§ Prompt
Without the pictures, set down everything in the listing exactly.

─── Information provided ───

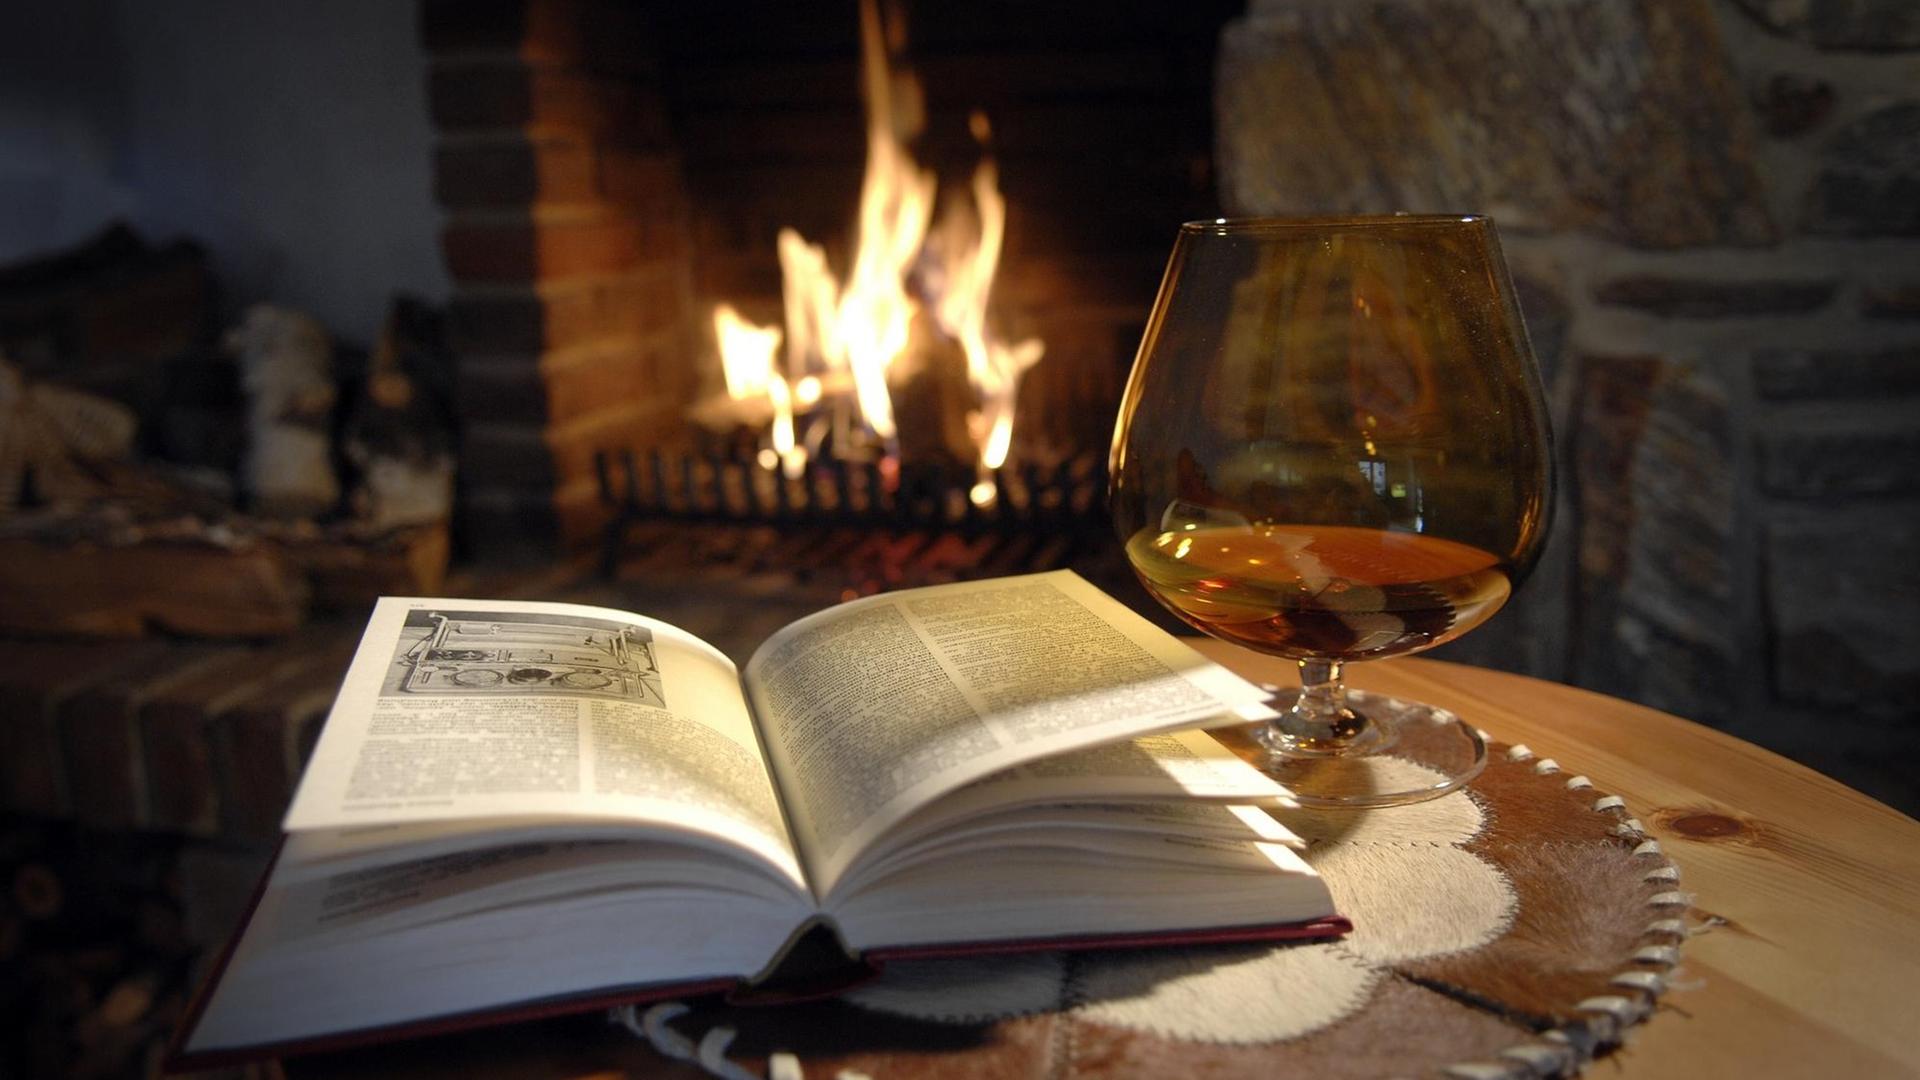 Ein aufgeschlagenes Buch, ein Cognac und im Hintergrund brennt ein Feuer im Kamin.
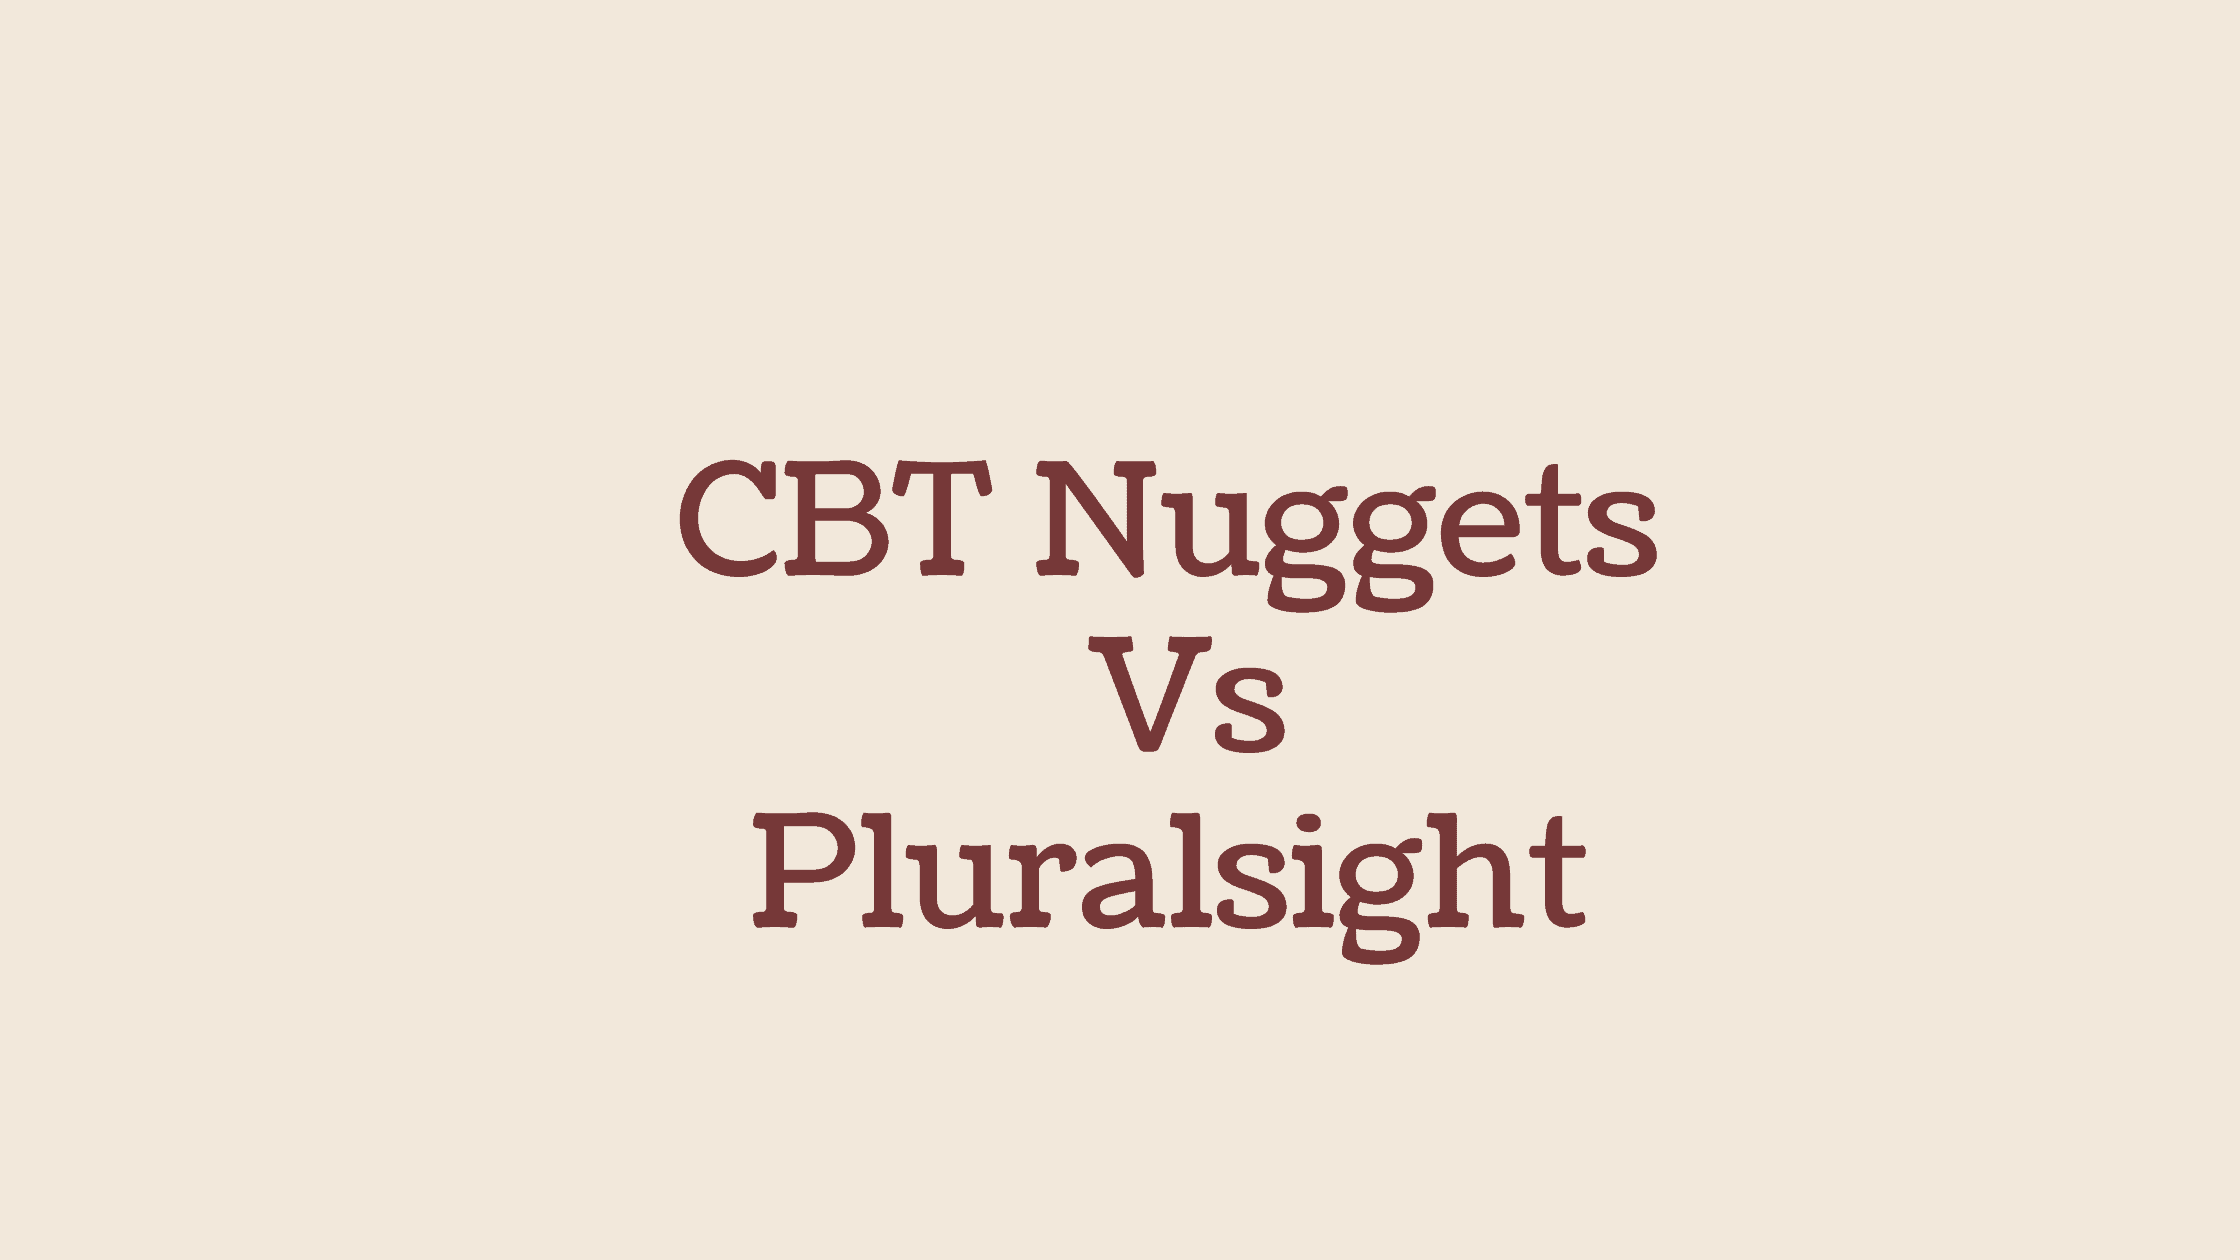 ccna udemy vs cbt nuggets vs pluralsight
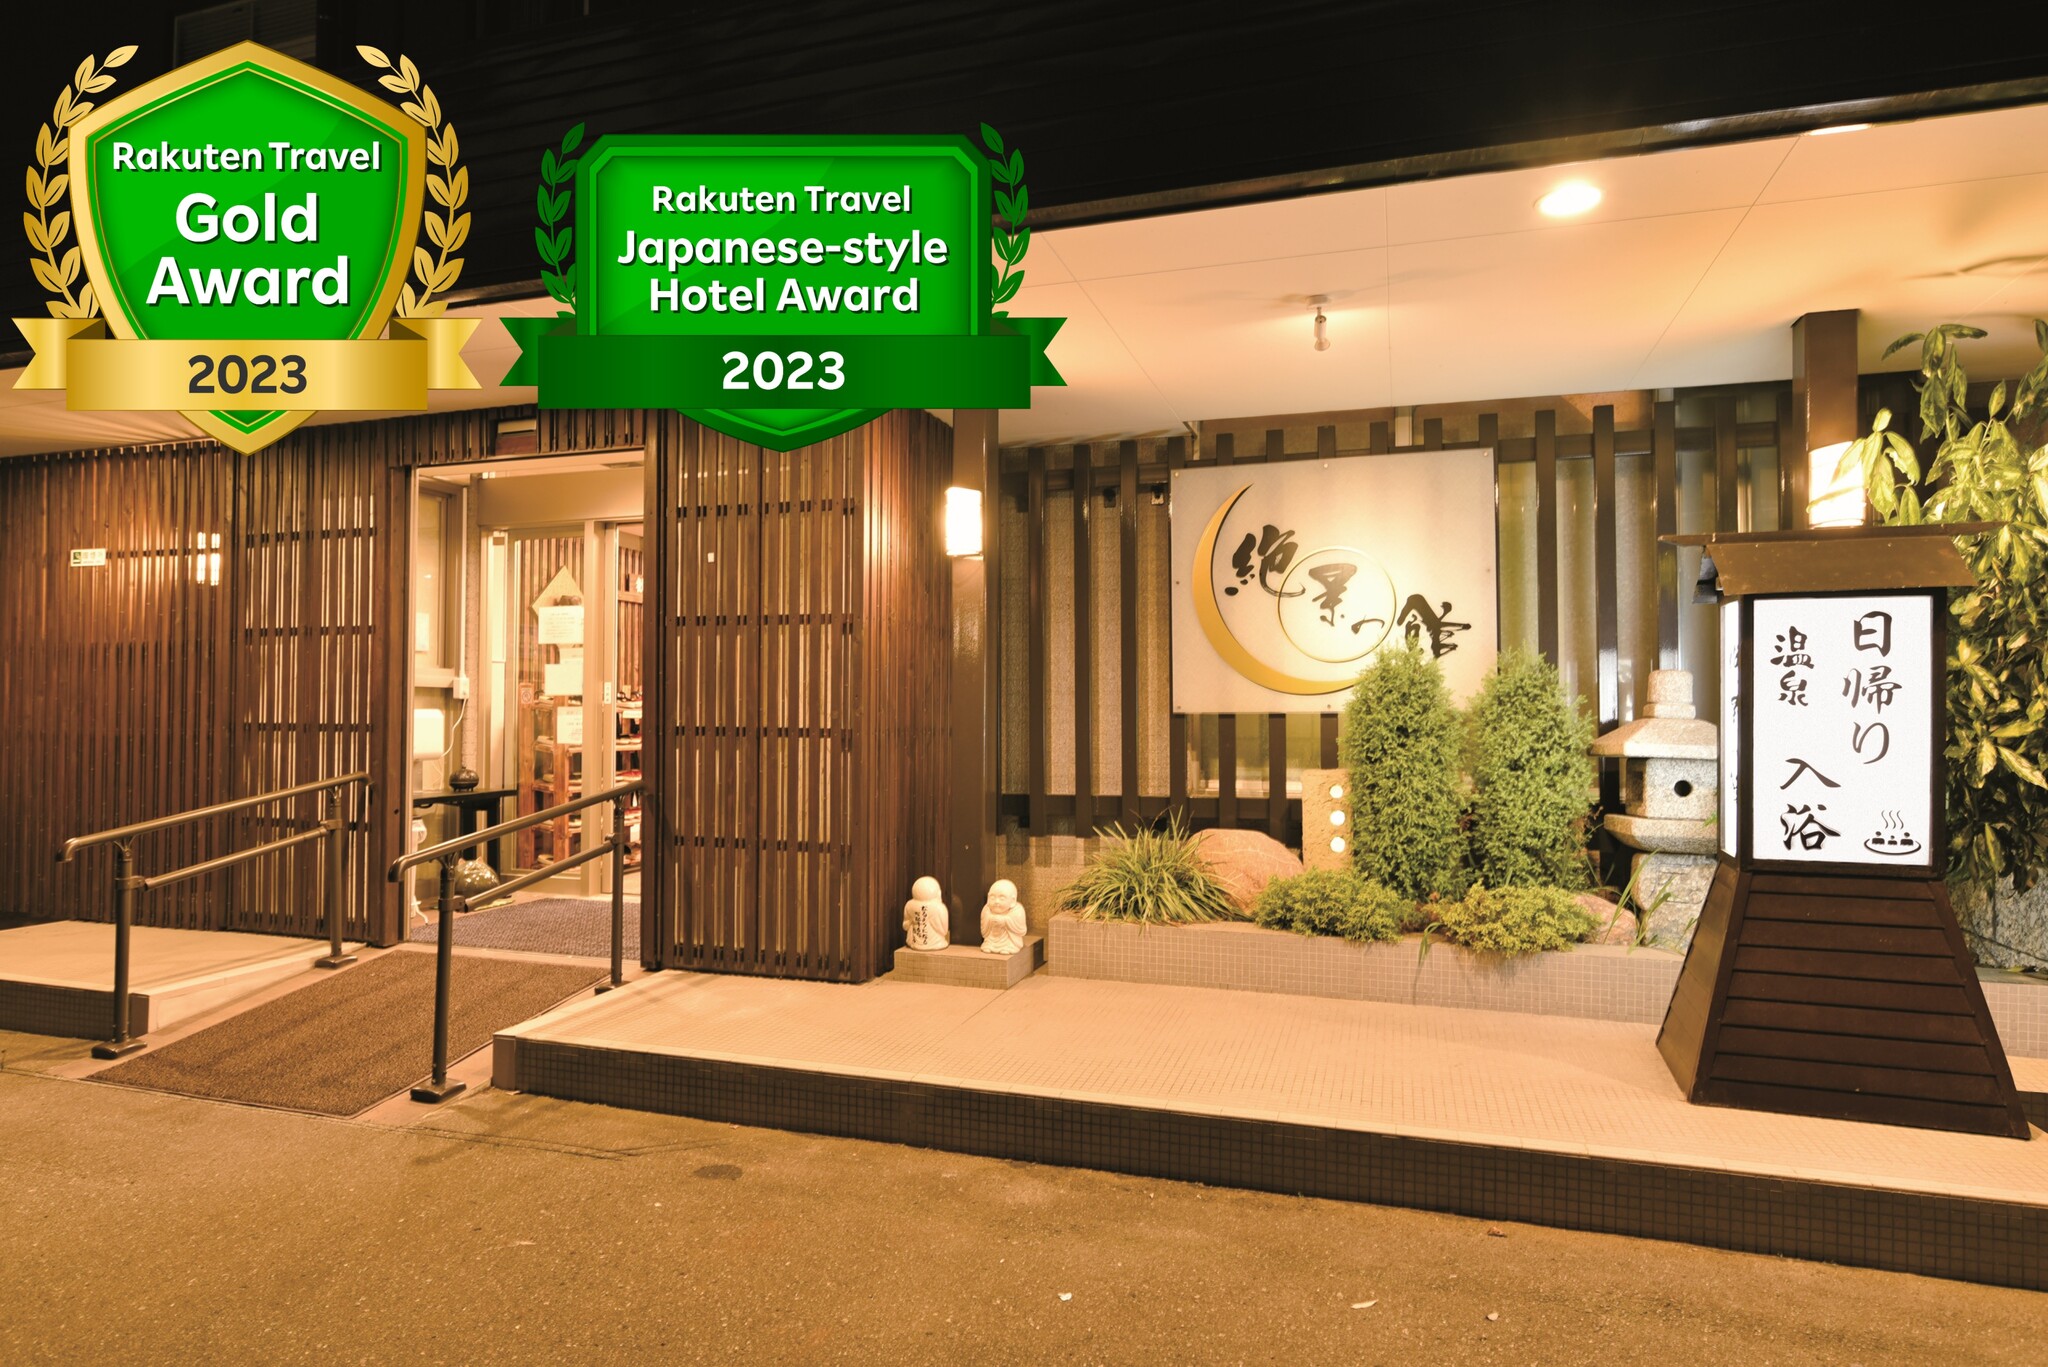 松島観光を予定しており、お勧めの観光コースと温泉宿を教えてください

───

§ Solution for this task
 Ein aufgeschlagenes Buch, ein Cognac und im Hintergrund brennt ein Feuer im Kamin.
 ccna udemy vs cbt nuggets vs pluralsight
 松島観光を予定しており、お勧めの観光コースと温泉宿を教えてください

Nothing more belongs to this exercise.